Entity	MID	Type	WikipediaURL	AvgSalience	Count
U.S.	/m/09c7w0	LOCATION	https://en.wikipedia.org/wiki/United_States	0.005993	3949669
PRESIDENT OBAMA	/m/02mjmr	PERSON	https://en.wikipedia.org/wiki/Barack_Obama	0.134543	1280875
REPUBLICAN	/m/07wbk	ORGANIZATION	https://en.wikipedia.org/wiki/Republican_Party_(United_States)	0.009171	1239768
DONALD TRUMP	/m/0cqt90	PERSON	https://en.wikipedia.org/wiki/Donald_Trump	0.206801	1045748
DEMOCRATS	/m/0d075m	ORGANIZATION	https://en.wikipedia.org/wiki/Democratic_Party_(United_States)	0.004926	1017736
WHITE HOUSE	/m/081sq	LOCATION	https://en.wikipedia.org/wiki/White_House	0.003894	814832
CONGRESS	/m/07t31	ORGANIZATION	https://en.wikipedia.org/wiki/United_States_Congress	0.009805	506107
HILLARY CLINTON	/m/0d06m5	PERSON	https://en.wikipedia.org/wiki/Hillary_Clinton	0.041871	486391
NEW YORK	/m/02_286	LOCATION	https://en.wikipedia.org/wiki/New_York_City	0.003574	479174
RUSSIA	/m/06bnz	LOCATION	https://en.wikipedia.org/wiki/Russia	0.005853	470465
SENATE	/m/07t58	ORGANIZATION	https://en.wikipedia.org/wiki/United_States_Senate	0.011019	452868
UK	/m/07ssc	LOCATION	https://en.wikipedia.org/wiki/United_Kingdom	0.006587	394611
CNN	/m/0gsgr	ORGANIZATION	https://en.wikipedia.org/wiki/CNN	0.002264	386340
FBI	/m/02_1m	ORGANIZATION	https://en.wikipedia.org/wiki/Federal_Bureau_of_Investigation	0.014512	320678
WASHINGTON	/m/081yw	LOCATION	https://en.wikipedia.org/wiki/Washington_(state)	0.001002	319718

The complete ranked list of 372,776 distinct MIDs is available as a UTF8 CSV file:

Master List of MIDs In GEG-IATV 2009-2019. (10MB).

TECHNICAL DETAILS

Compiling the dataset above took just 10 seconds to process 13.4GB into the final dataset.

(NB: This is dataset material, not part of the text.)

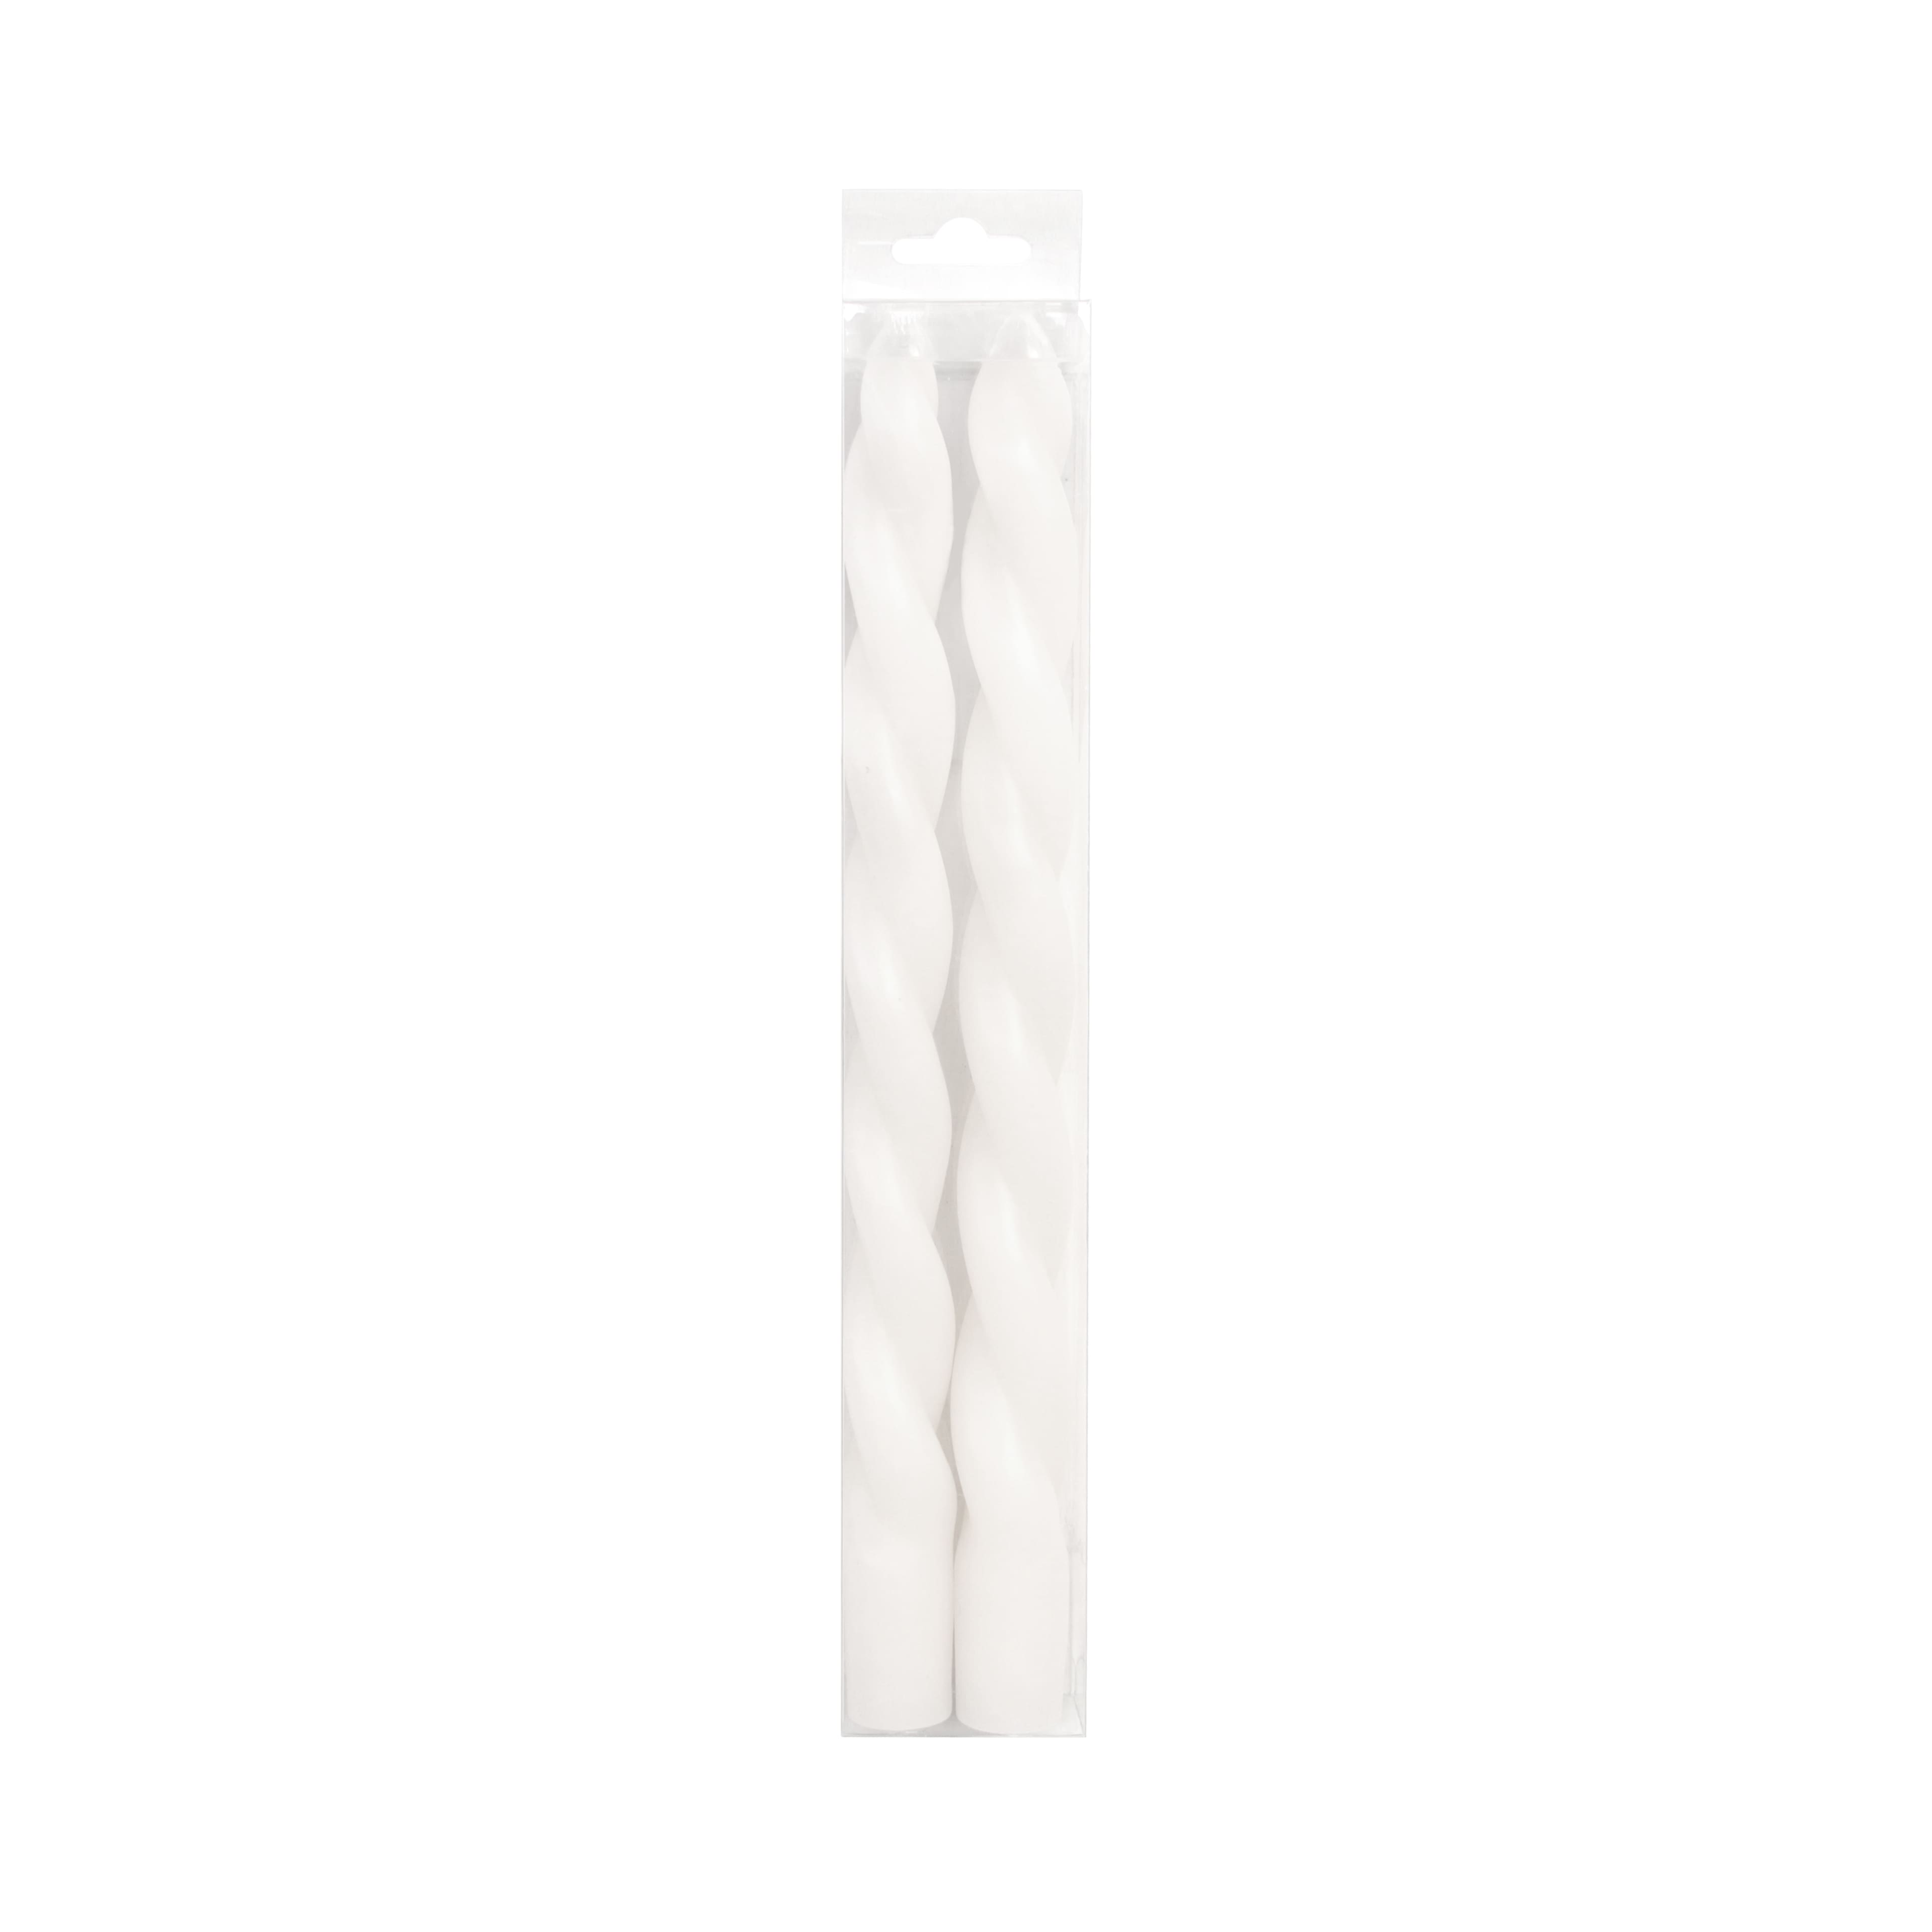 Basic Elements™ 10" Twisted Taper Candles by Ashland®, 2ct.

SELECT APPROX_TOP_COUNT(entities.name, 1)[OFFSET(0)].value entity,
entities.mid mid,
APPROX_TOP_COUNT(entities.type, 1)[OFFSET(0)].value type,
APPROX_TOP_COUNT(entities.wikipediaUrl, 1)[OFFSET(0)].value wikipediaurl,
avg(avgSalience) avgsalience,
count(1) count 
 FROM `gdelt-bq.gdeltv2.geg_iatv`, unnest(entities) entities
where entities.mid is not null
group by entities.mid order by Count desc

Computing the number of distinct entity names can be achieved with:

SELECT count(distinct(entity.name)) FROM `gdelt-bq.gdeltv2.geg_iatv`, unnest(entities) as entity where entity.mid is not null

While the number of distinct MID codes is available through:

SELECT count(distinct(entity.mid)) FROM `gdelt-bq.gdeltv2.geg_iatv`, unnest(entities) as entity where entity.mid is not null

Computing the overall top types is as simple as:

SELECT entity.type, count(1) count FROM `gdelt-bq.gdeltv2.geg_iatv`, unnest(entities) as entity group by type order by count

While computing the top types for those entities with MID codes requires only the addition of a simple filter:

SELECT entity.type, count(1) count FROM `gdelt-bq.gdeltv2.geg_iatv`, unnest(entities) as entity where entity.mid is not null group by type order by count

Once again, BigQuery makes it trivial to explore these vast entity datasets!